El terremoto de Haití mató a más de 200.000 personas. En Somalia, Kenia y Etiopía, se anuncia el peligro de muerte para 11 millones. Ahora mismo, la población muere a un ritmo constante de 6 habitantes al día por cada 10.000. La cifra es de tal magnitud que no llegamos a imaginar lo que significa.
Sin embargo, esto es parte de la identidad del continente africano. La eterna pobreza de África, sus constantes conflictos internos, su corrupción gubernamental inamovible, sus niños desnutridos con tripas hinchadas mirándonos a través de imágenes lejanas; sus mujeres tapadas con las telas del Islam, o desnudas bajo el sol de los pueblos indígenas. Sus muertes diarias, su sed inapagable, su incultura y su violencia. Su historia privada de autodeterminación, sus colonias exprimidas hasta el fin de sus recursos.
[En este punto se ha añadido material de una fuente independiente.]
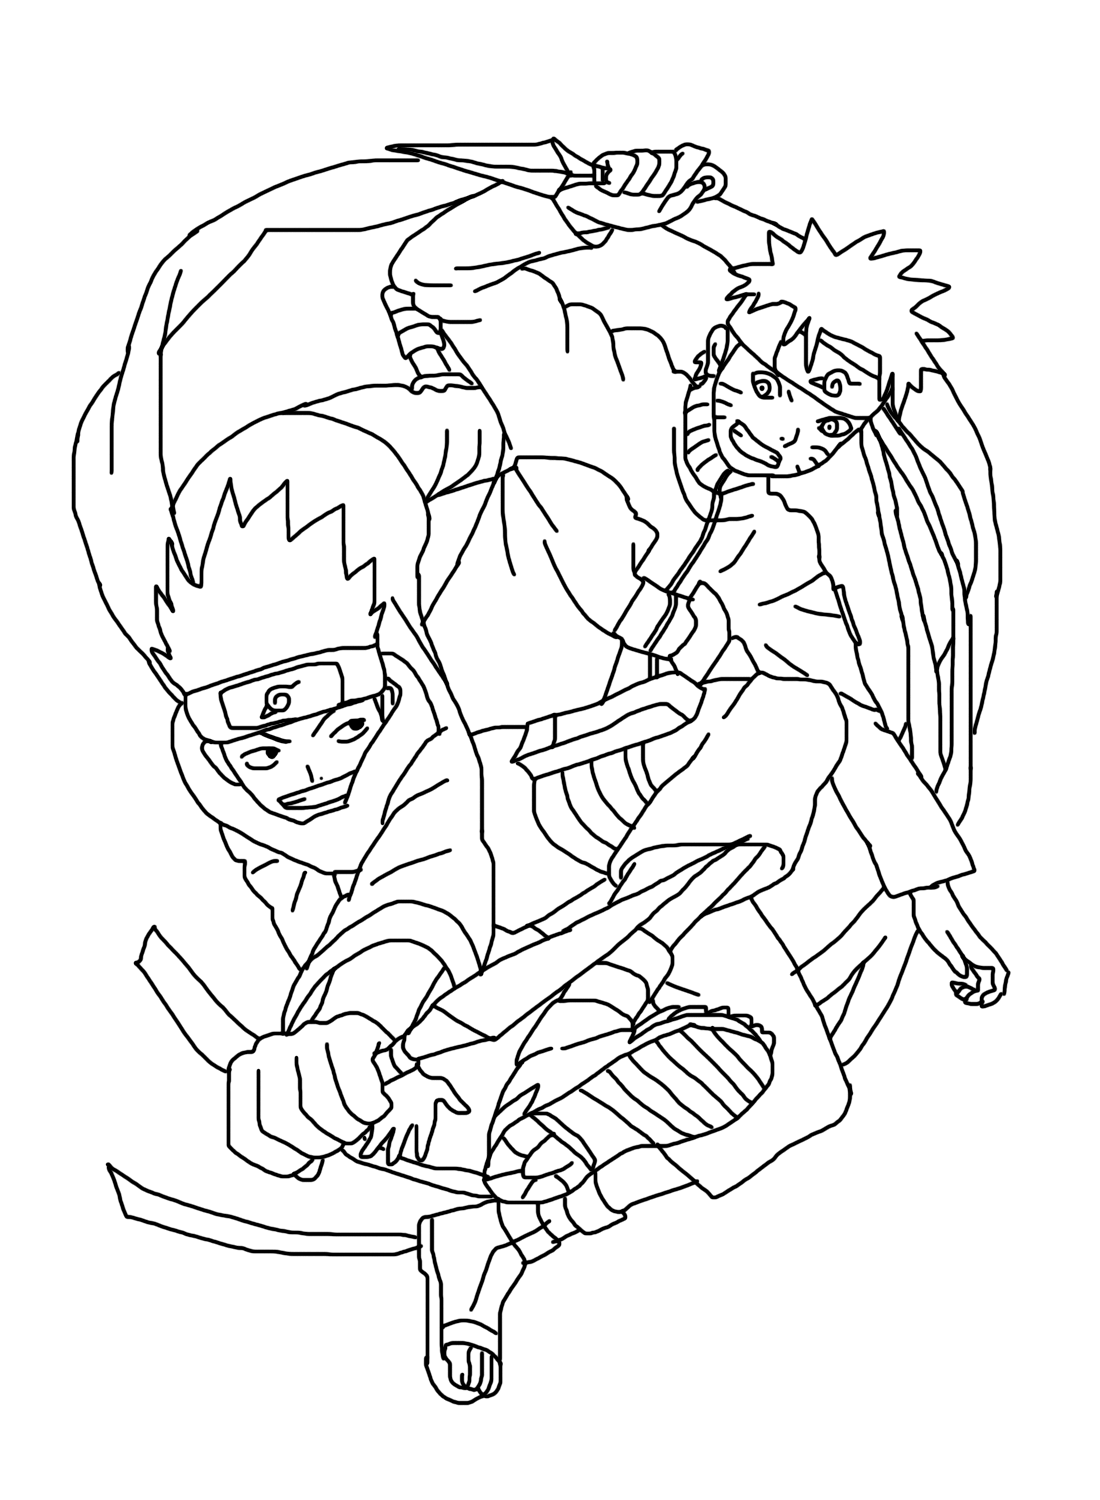 Konohamaru with Naruto Coloring Page Free from Sarutobi Konohamaru

África vieja y cansada, herida por todos sus costados y sangrando siempre en silencio, bajo la mirada impasible de los periódicos mundiales que, como escaparates sin vida, la muestran de cuando en cuando simplificando su tragedia humana en fotos sensibleras de niños que lloran delante de un plato vacío.
La ONU declara esta crisis como la mayor hambruna en esta zona desde hace 60 años y, aún así, sabemos que antes de esos 60 años, la situación estuvo igual. Y que durante esas 6 décadas, en poco mejoró el gran continente.
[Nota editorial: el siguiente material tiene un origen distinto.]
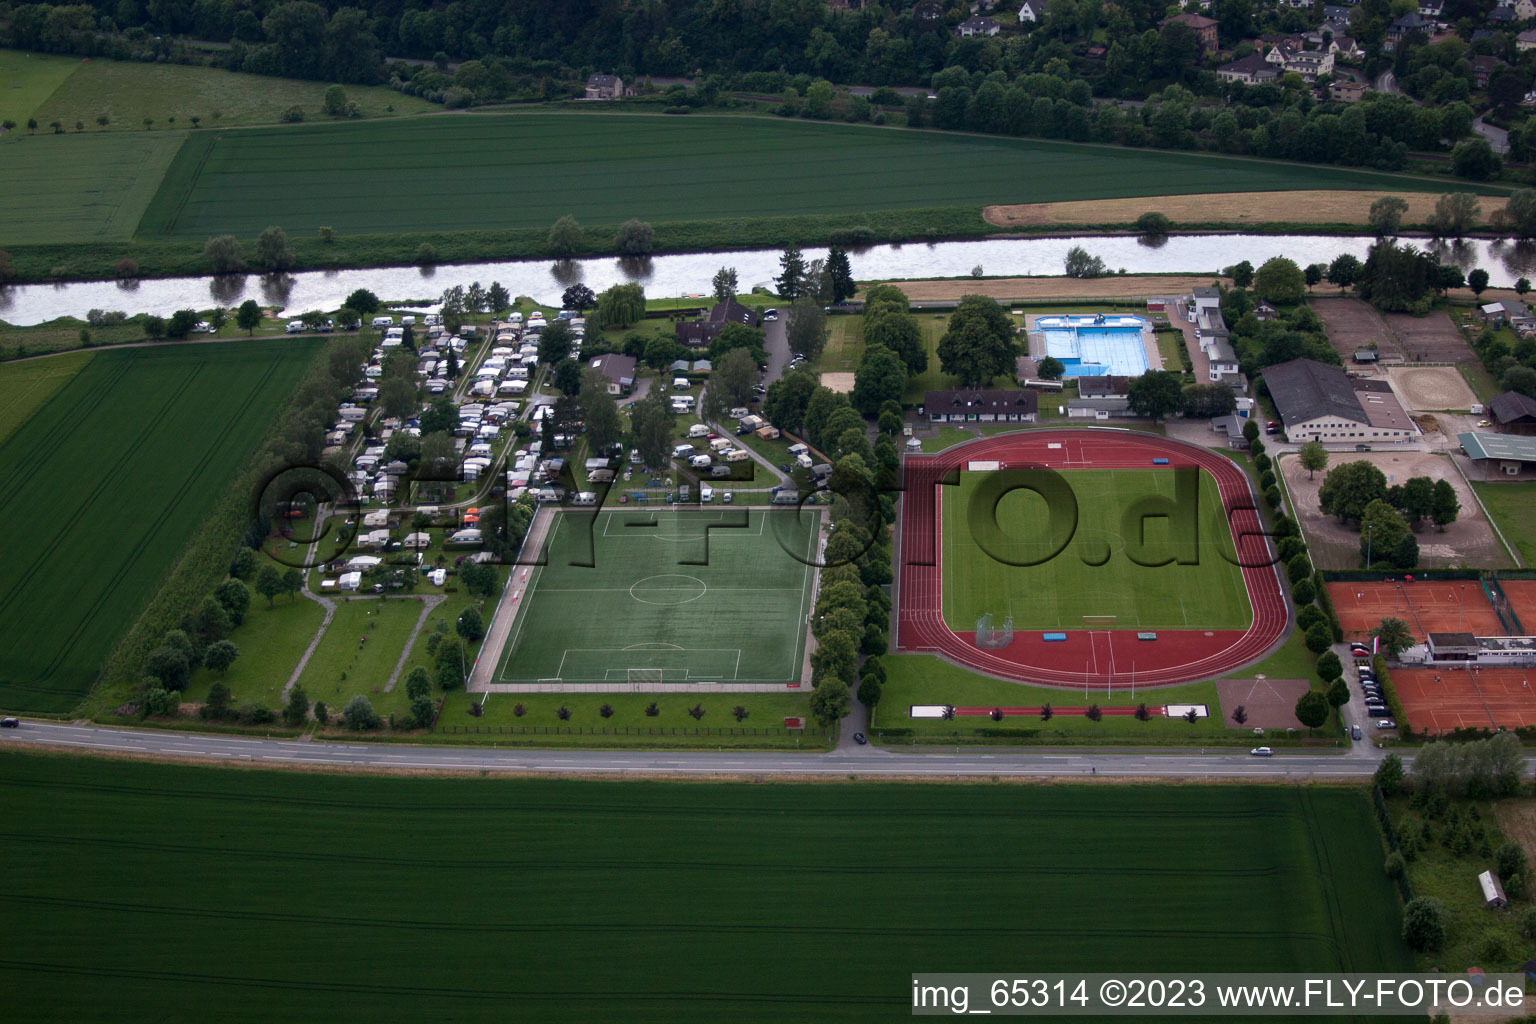 Höxter im Bundesland Nordrhein-Westfalen, Deutschland von der Drohne aus gesehen

La hambruna y la violencia son ya una esencia enraizada en lo más profundo de la tierra roja de África y, al igual que todos los gobiernos del mundo, que todas los medios de comunicación del mundo, nosotros, la sociedad, hemos tirado la toalla ante el mal africano.
Otro conocido, con años de experiencia en la cooperación internacional, me dijo en una ocasión: "Estuve dos años trabajando en Guinea como corresponsal de la ONU y, desde entonces, no quiero ni oír hablar de África, no merece la pena invertir allí ni un duro, eso no tiene solución".
Diferente actitud será, con certeza, la de la madre africana que, aterrada por la inminente muerte por inanición de sus hijos, realiza un viaje de cientos de kilómetros, sola, a pie y al límite de su propia nutrición, para buscar cualquier ayuda que evite que sus hijos perezcan de hambre. Al igual que los miles de refugiados del campamento de Dabaad, que llegan hasta allí por que creen firmemente en una solución, creen en la vida y en su vida. Ellos, aún marcados desde su nacimiento por el mal africano, no han desistido y mantienen viva la esperanza de salir adelante. Incansables héroes africanos, que han aprendido a caminar descalzos y hambrientos, que beben fuerza del ocre del atardecer del desierto y aguantan el asedio de la muerte aferrados a sus dioses de sol y agua, a sus familias enormes y nómadas, a sus animales escuálidos y sus campos estériles, a sus almas, curtidas en una vida que siempre está al filo de la muerte.
Pero, qué difícil resultará creer en la vida de uno cuando la mayoría del mundo no apuesta nada por su supervivencia.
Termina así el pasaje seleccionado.